COVID-19 may have a heterogeneous onset, especially in older age. However, whether and how COVID-19 signs and symptoms may present and aggregate together according to sociodemographic and health factors is unclear, as well as their prognostic value. This study included 981 COVID-19 inpatients who participated in the GeroCovid Observational study. Signs/symptoms at disease onset, sociodemographic, health, cognitive status, and mobility were systematically recorded. Clusters of signs/symptoms were identified through agglomerative hierarchical clustering. The associations of single signs/symptoms and symptom clusters with longer hospitalization (≥16 days) and in-hospital mortality were explored through logistic and Cox regressions.
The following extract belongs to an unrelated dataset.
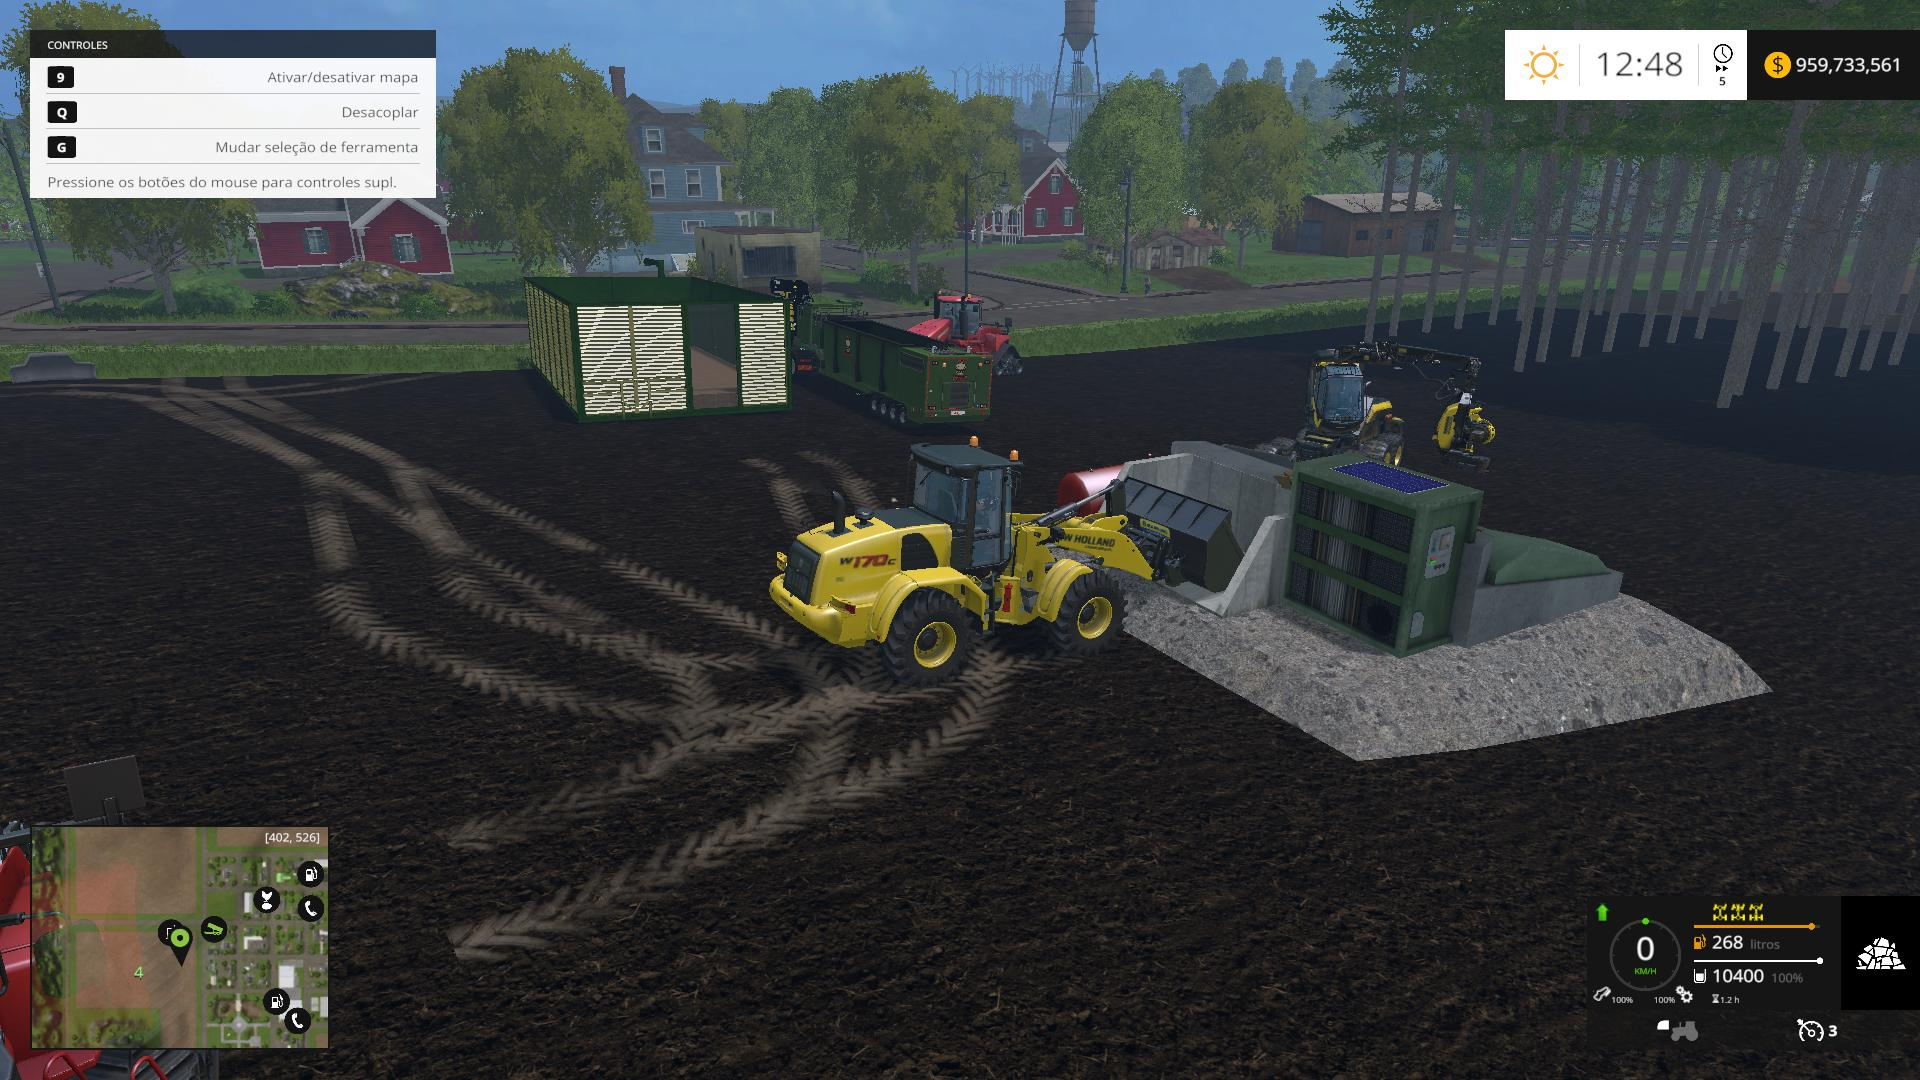 new-holland-shovel-10-000-liters-fs-2015_2
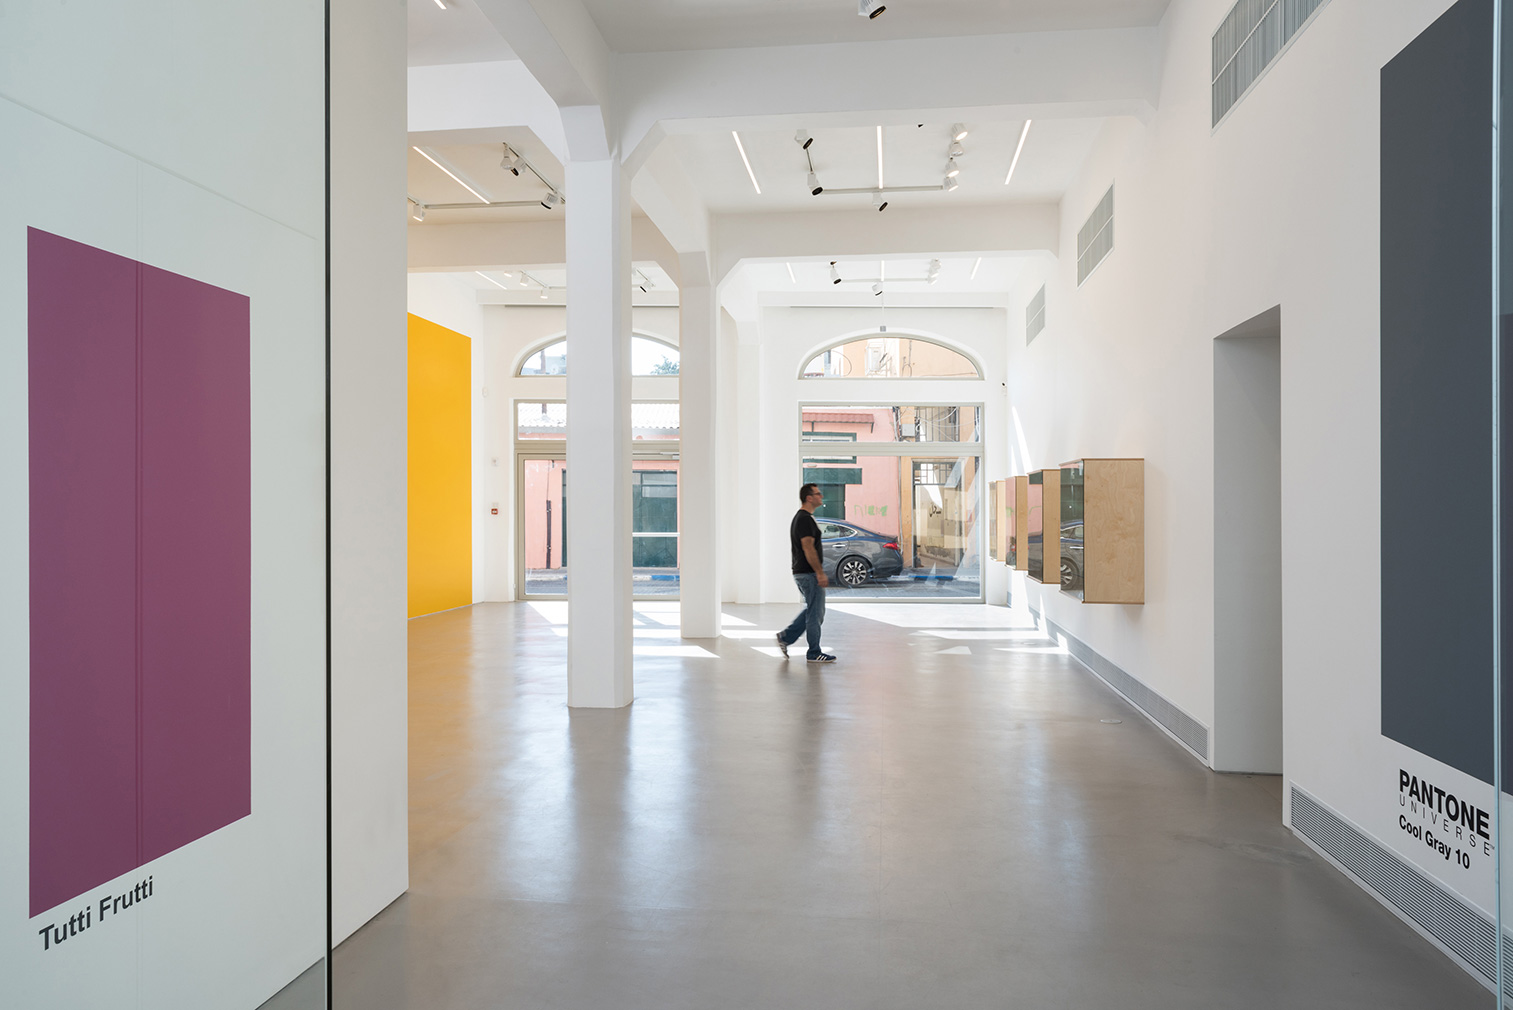 Magasin III gallery in Tel Aviv-Jaffa

The signs/symptoms most reported in our sample (age 78.3 ± 9.39 years; 49.4% women) were fever (62.5%), cough (45.5%), and dyspnea (62.7%). Atypical symptoms were reported by up to one-third of patients, and delirium by 9.1%. Atypical symptoms were more frequent with advancing age and with lower pre-COVID-19 cognitive and mobility levels. Older men more likely reported respiratory symptoms than women. Dyspnea (hazard ratio [HR] = 1.47, 95% confidence interval [CI]: 1.02-2.12), tachypnea (HR = 1.53, 95% CI: 1.14-2.07), low oxygen saturation (HR = 1.95, 95% CI: 1.32-2.88) and delirium (HR = 1.60, 95% CI: 1.13-2.28) were associated with higher in-hospital mortality. Four symptom clusters were identified. Compared with the mild respiratory symptoms cluster, the severe clinical impairment cluster was associated with higher mortality (HR = 2.57, 95% CI: 1.58-4.18). The severe clinical impairment and aspecific symptoms clusters were associated with longer hospitalization (odds ratio [OR] = 2.38, 95% CI: 1.56-3.63, and OR = 1.75, 95% CI: 1.08-2.83, respectively). Multiple health aspects influence COVID-19 clinical presentation. A symptom clusters approach may help predict adverse health outcomes in older patients. In addition to respiratory symptoms, delirium is independently associated with mortality risk. ClinicalTrials.gov (NCT04379440).

Keywords: COVID-19; aged; cluster analysis; mortality; signs and symptoms.